WORK ITEM =>
Only the pictures are to be left out; the listing itself is repeated exactly.

GIVEN INFORMATION =>
== Segment start ==

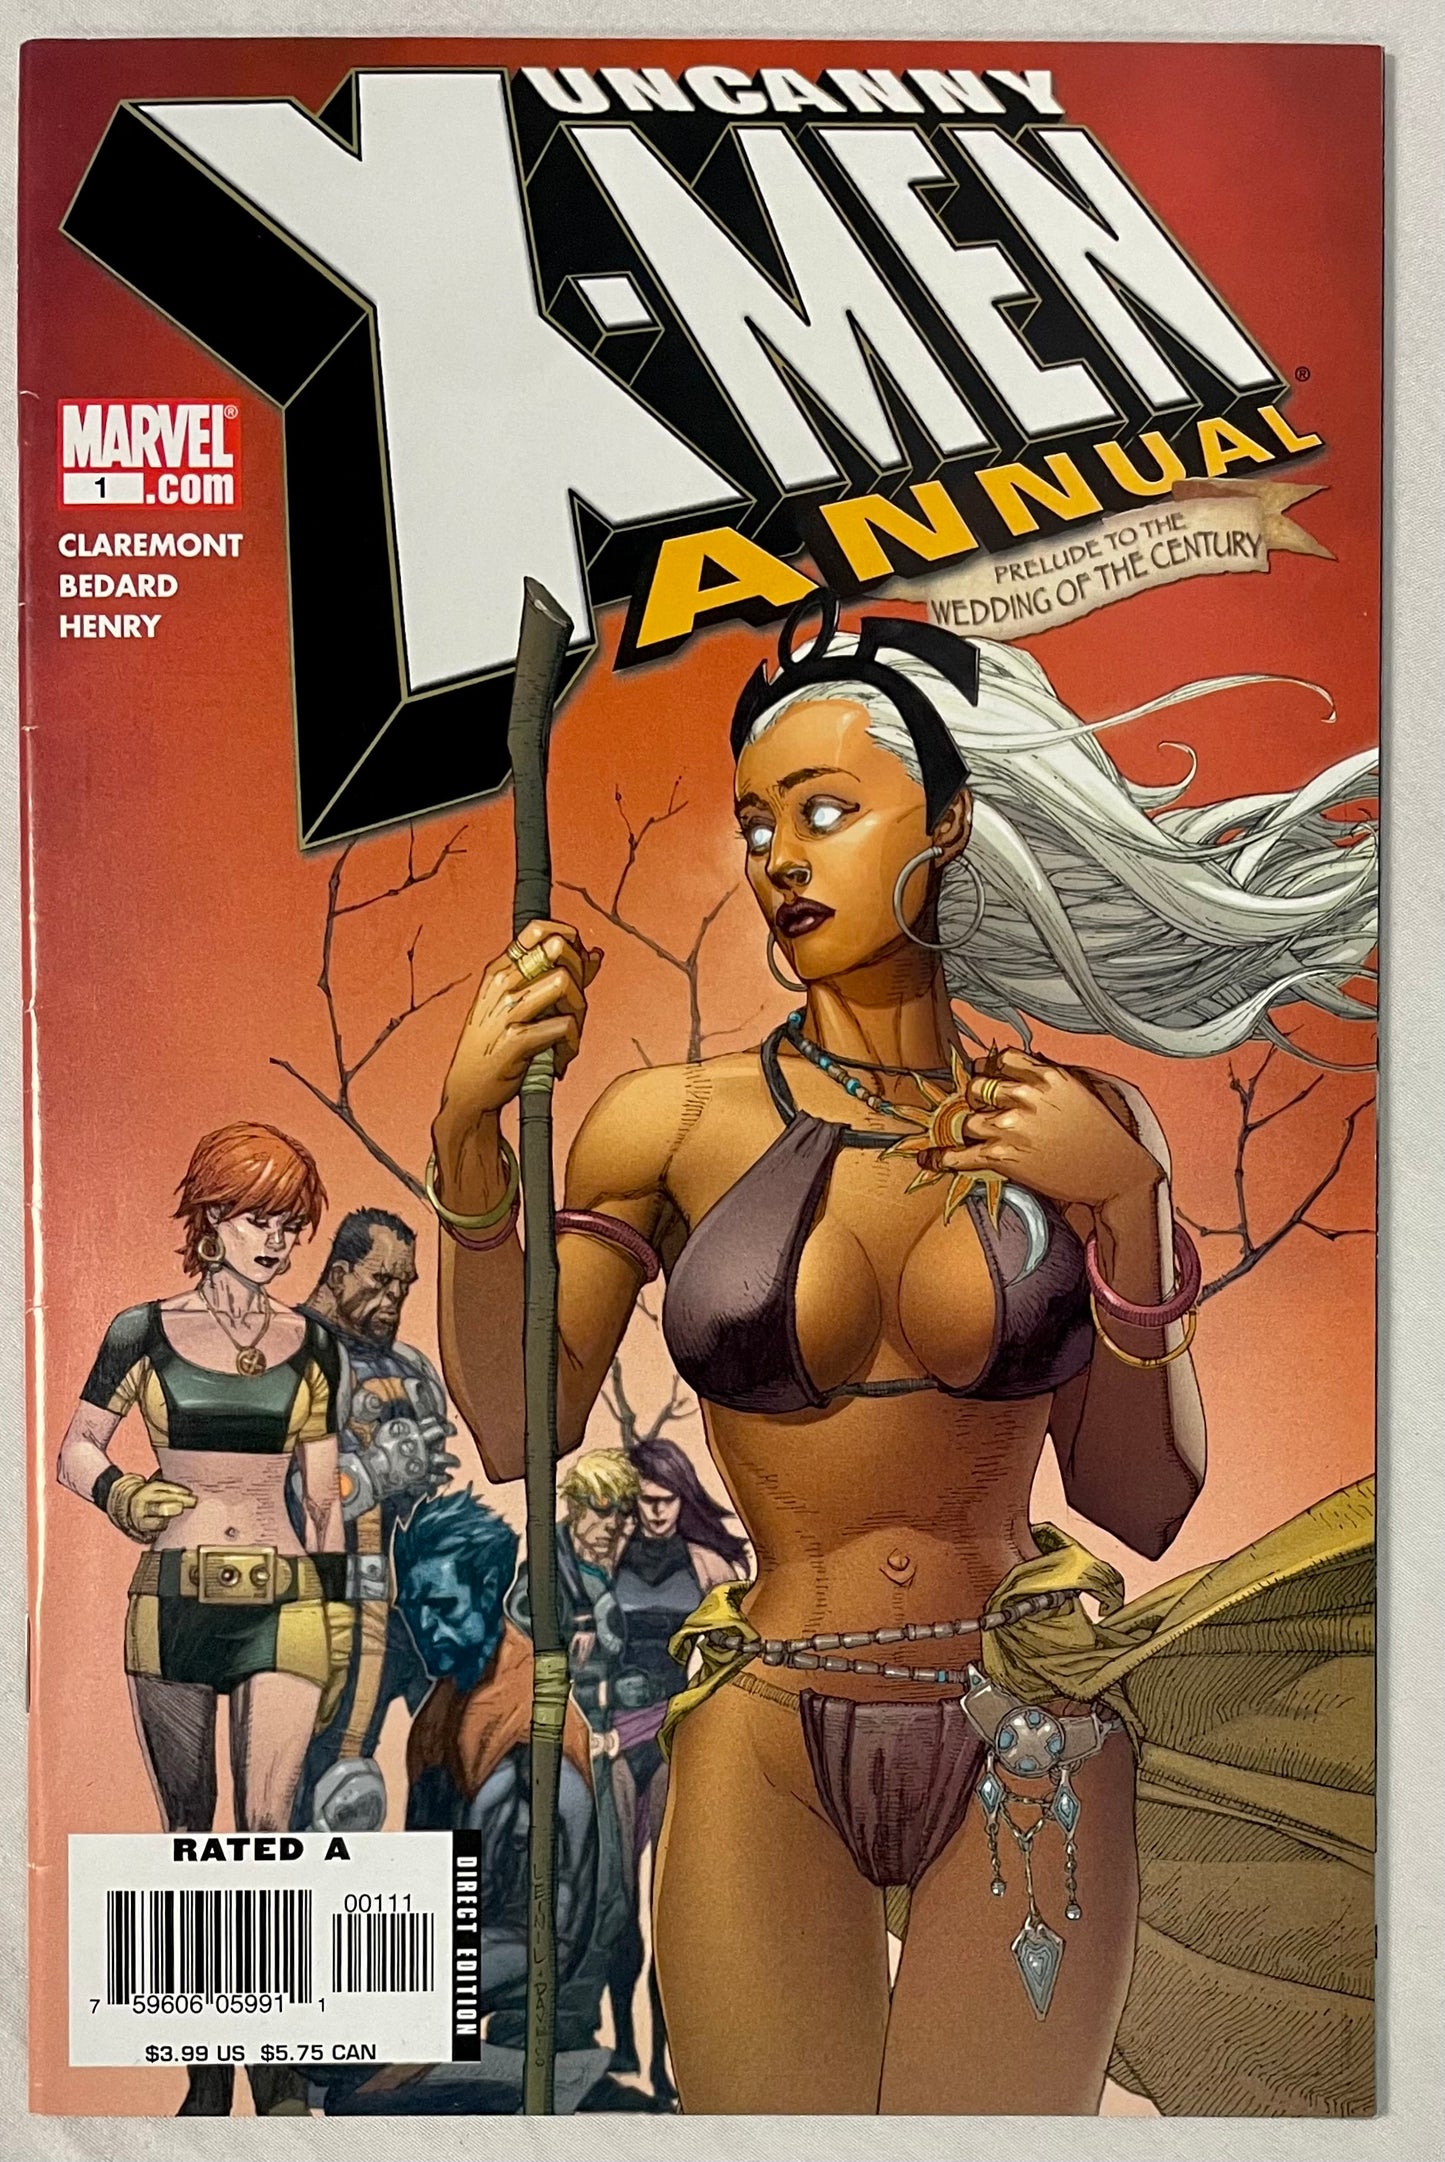 Marvel Comics Uncanny X-Men Annual #1
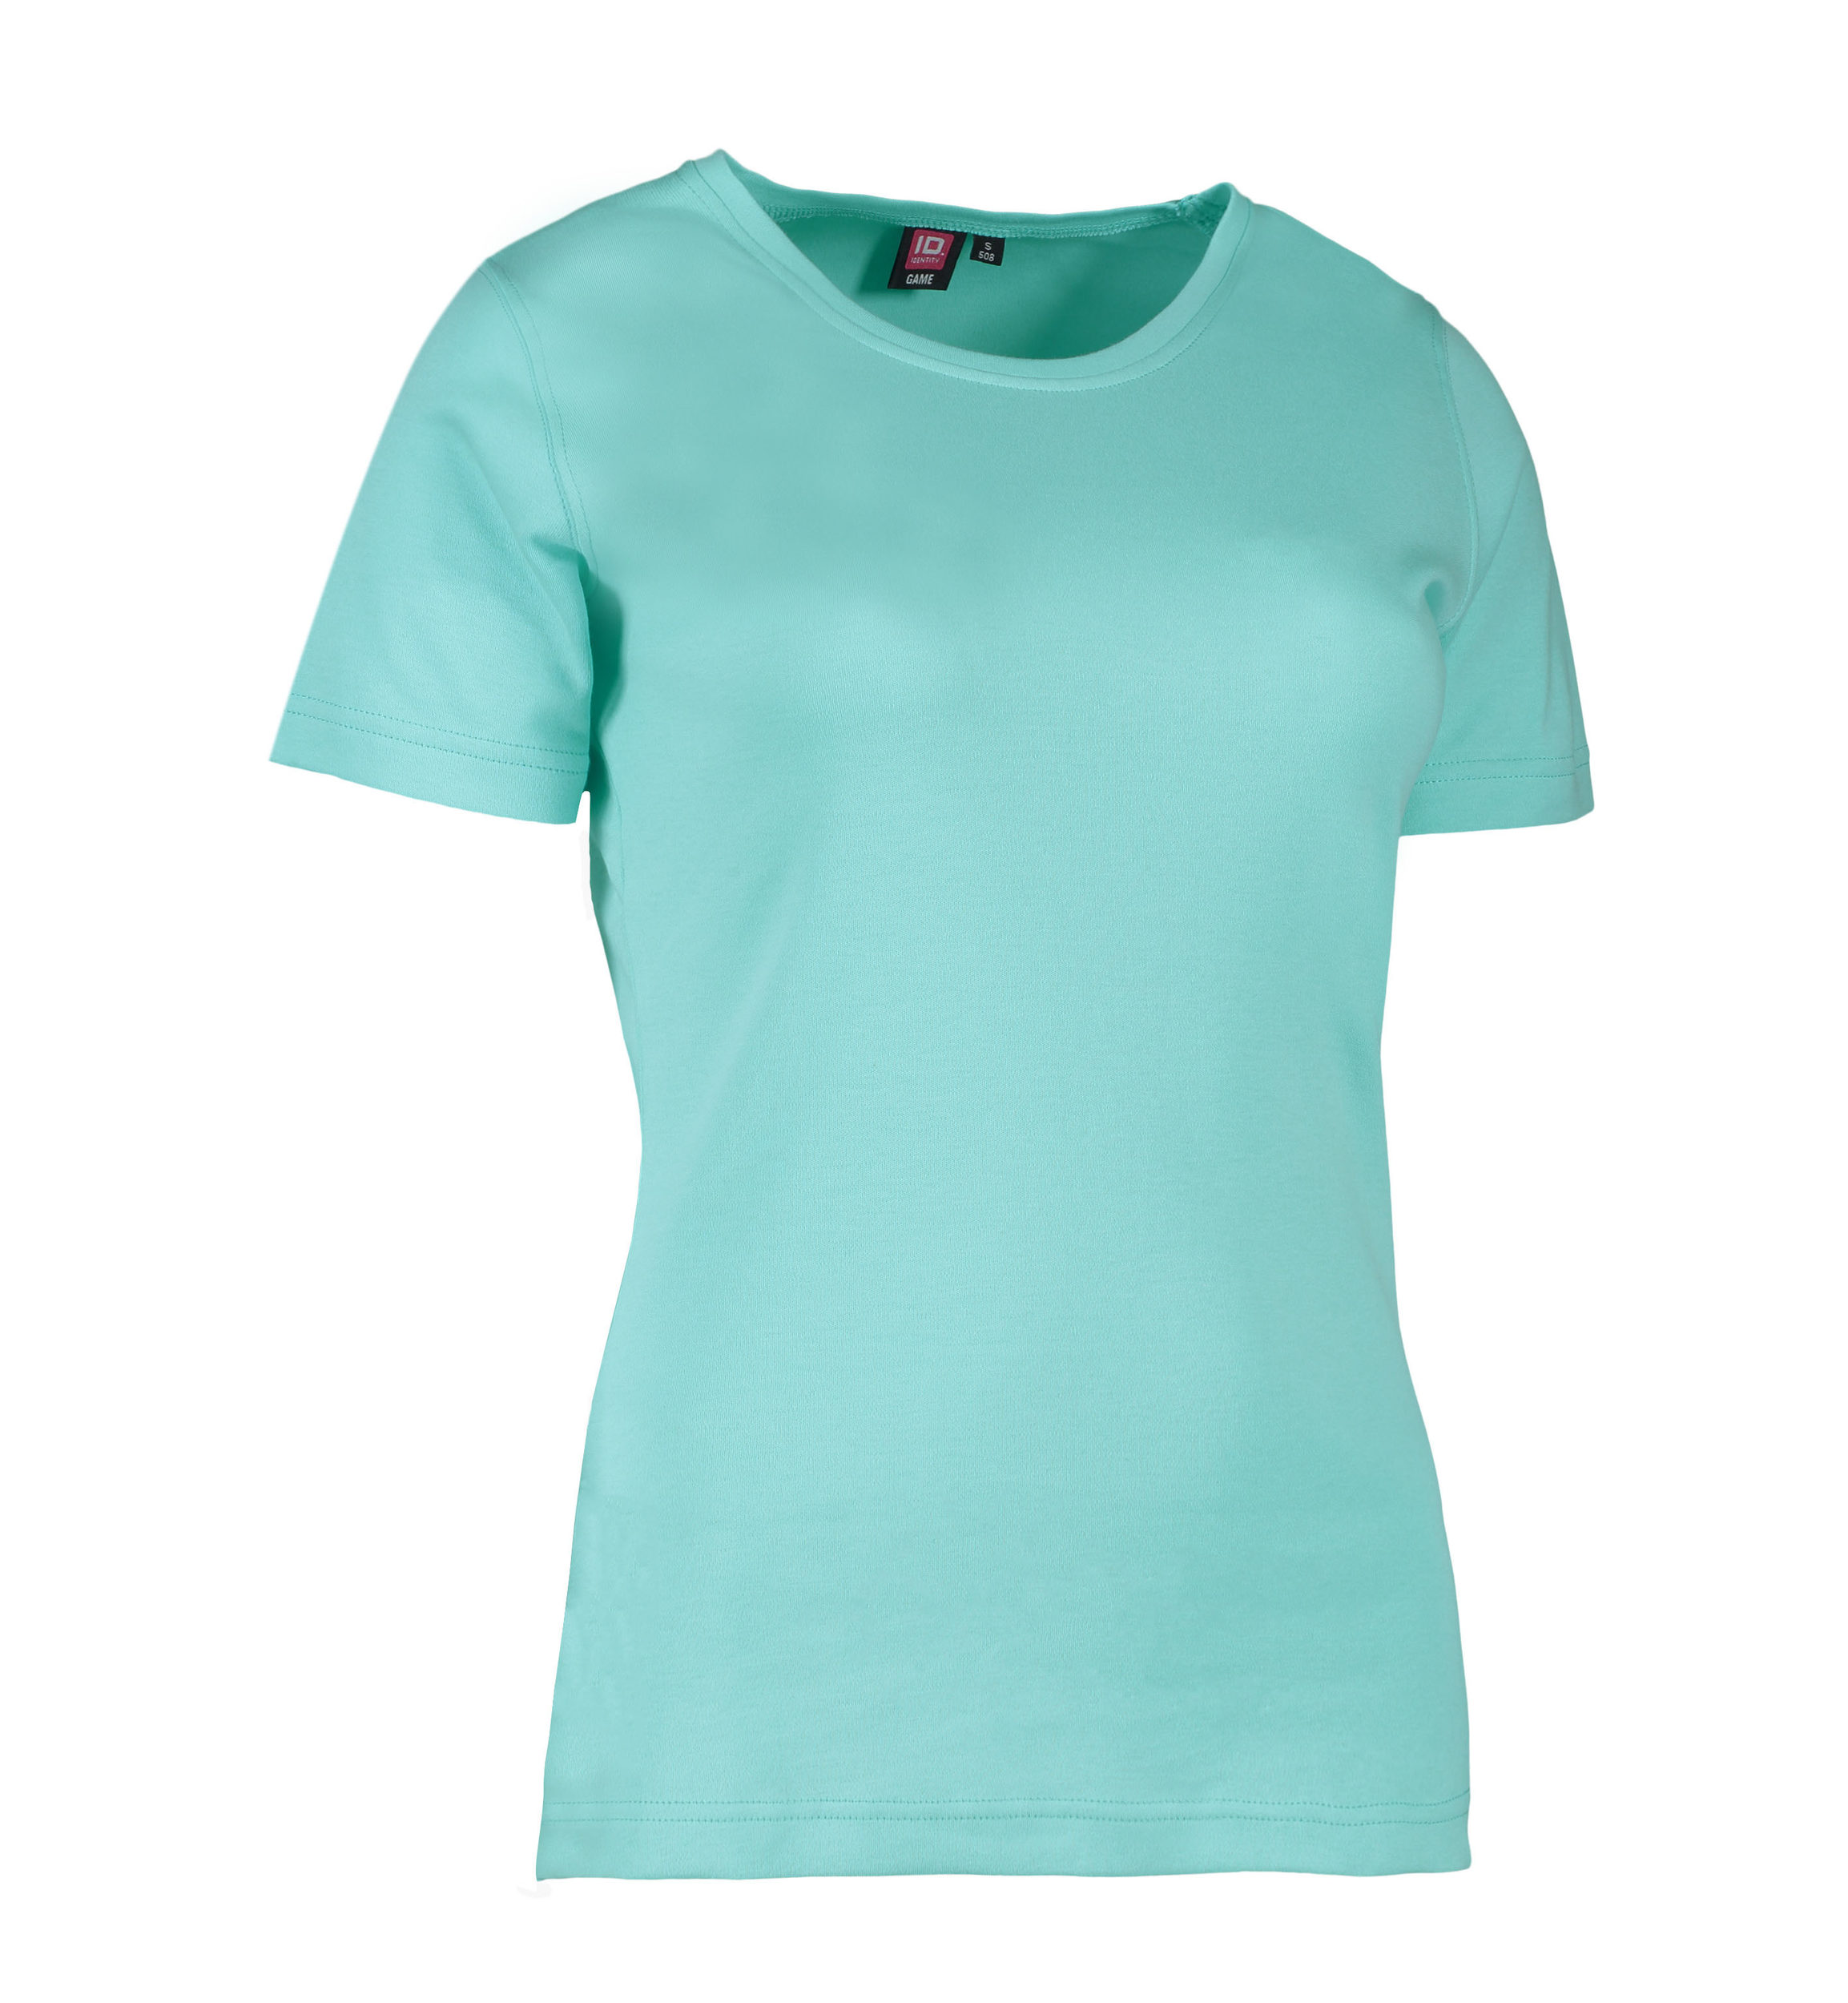 Se Mint farvet dame t-shirt med rund hals - M hos Sygeplejebutikken.dk
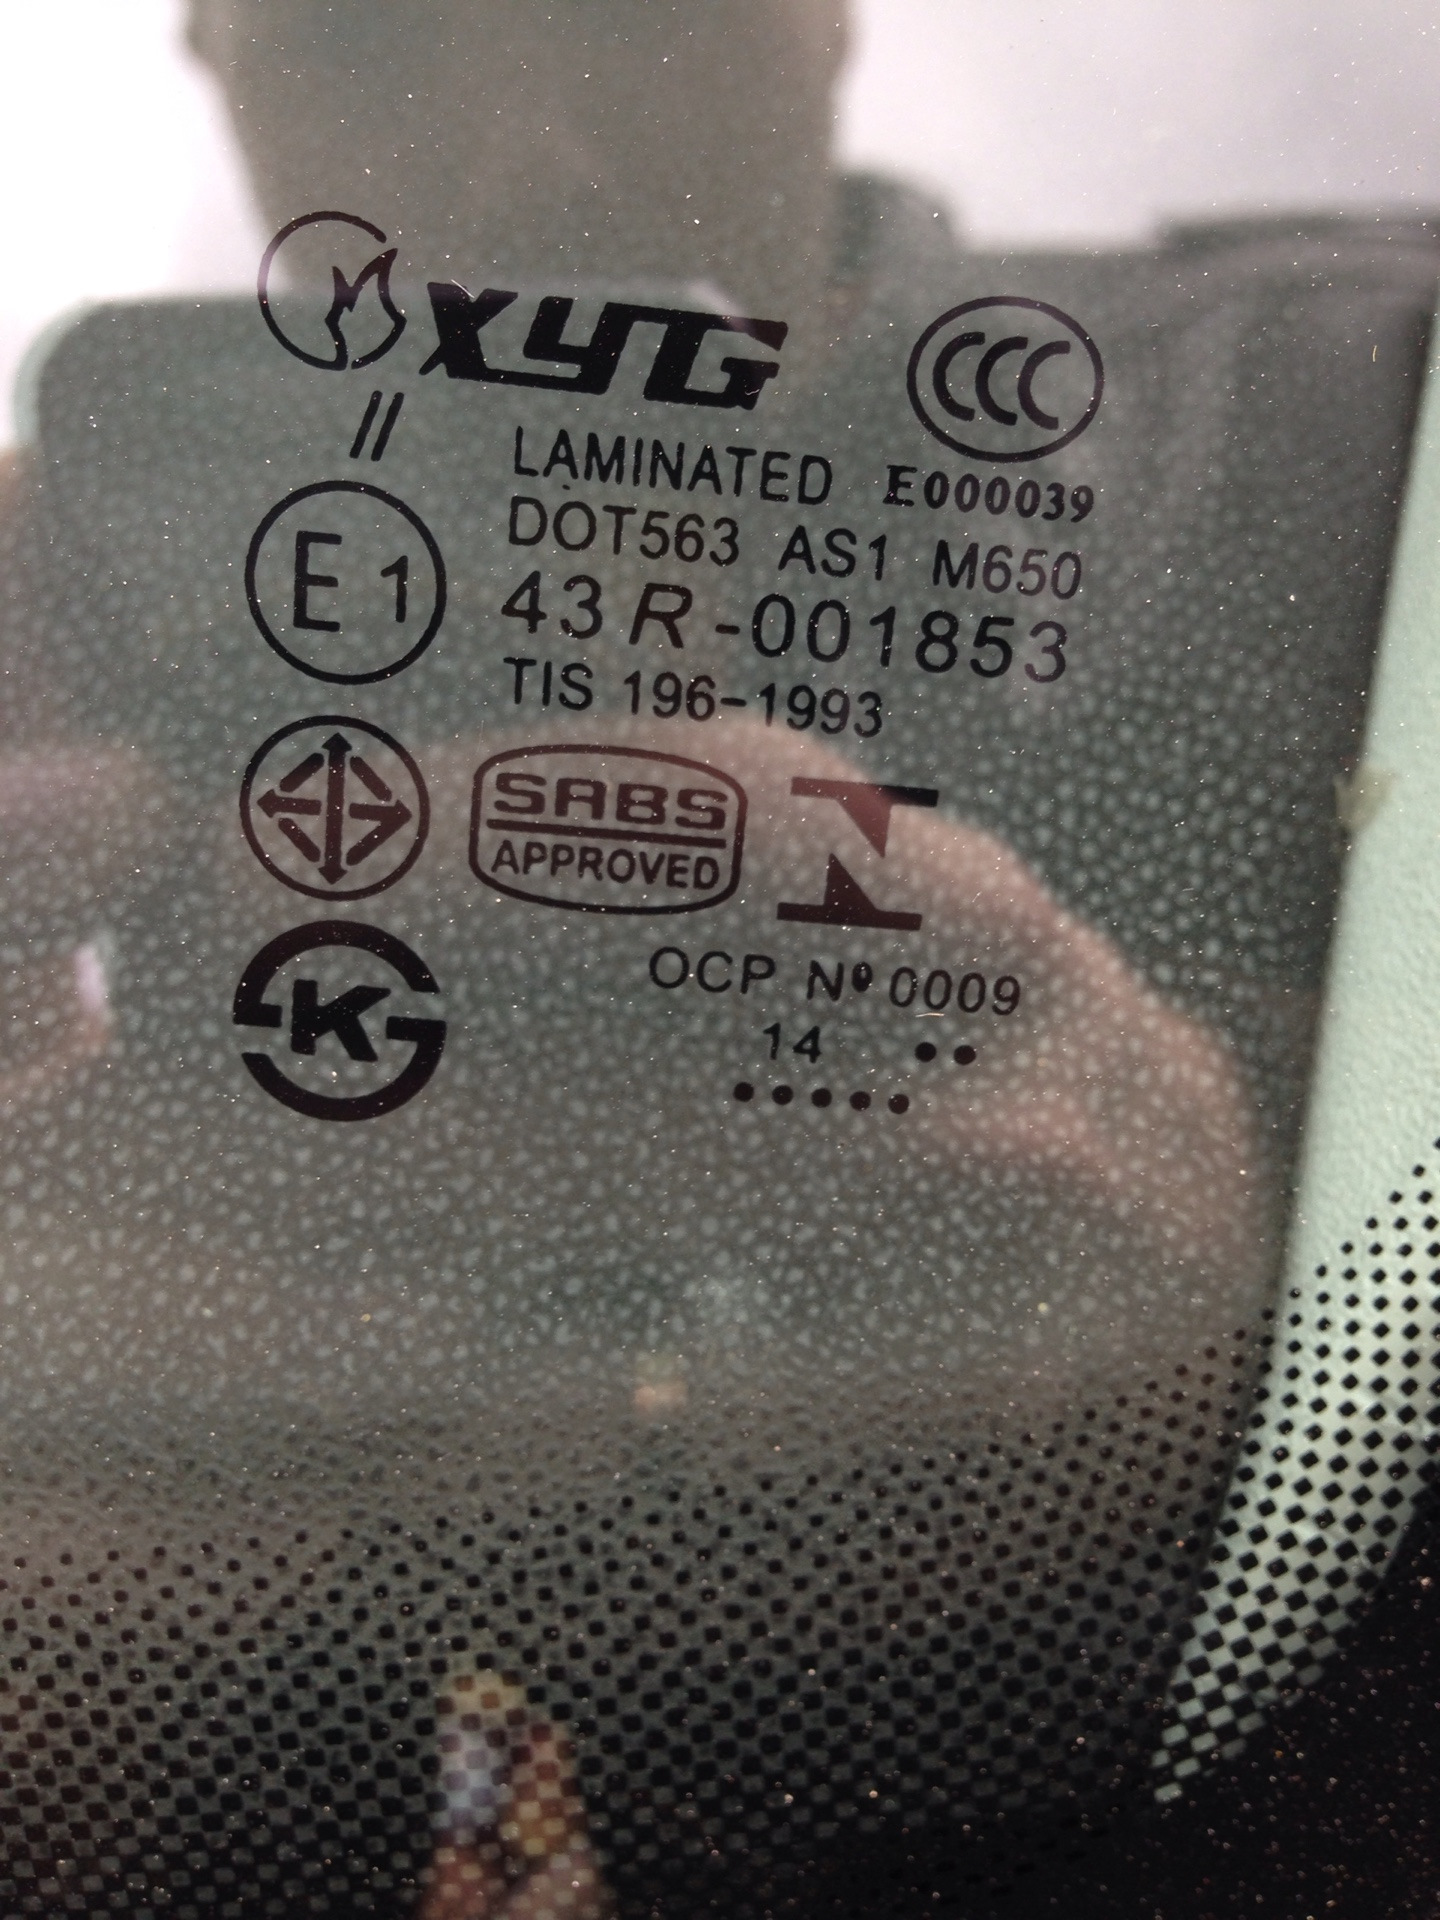 Xyg стекло производитель. Атермальное лобовое стекло XYG. Лобовое стекло XYG маркировка. Маркировка атермального стекла XYG. XYG атермальное стекло Subaru.

== Segment end ==

TASK RESPONSE =>
 Marvel Comics Uncanny X-Men Annual #1
 Se Mint farvet dame t-shirt med rund hals - M hos Sygeplejebutikken.dk
 Xyg стекло производитель. Атермальное лобовое стекло XYG. Лобовое стекло XYG маркировка. Маркировка атермального стекла XYG. XYG атермальное стекло Subaru.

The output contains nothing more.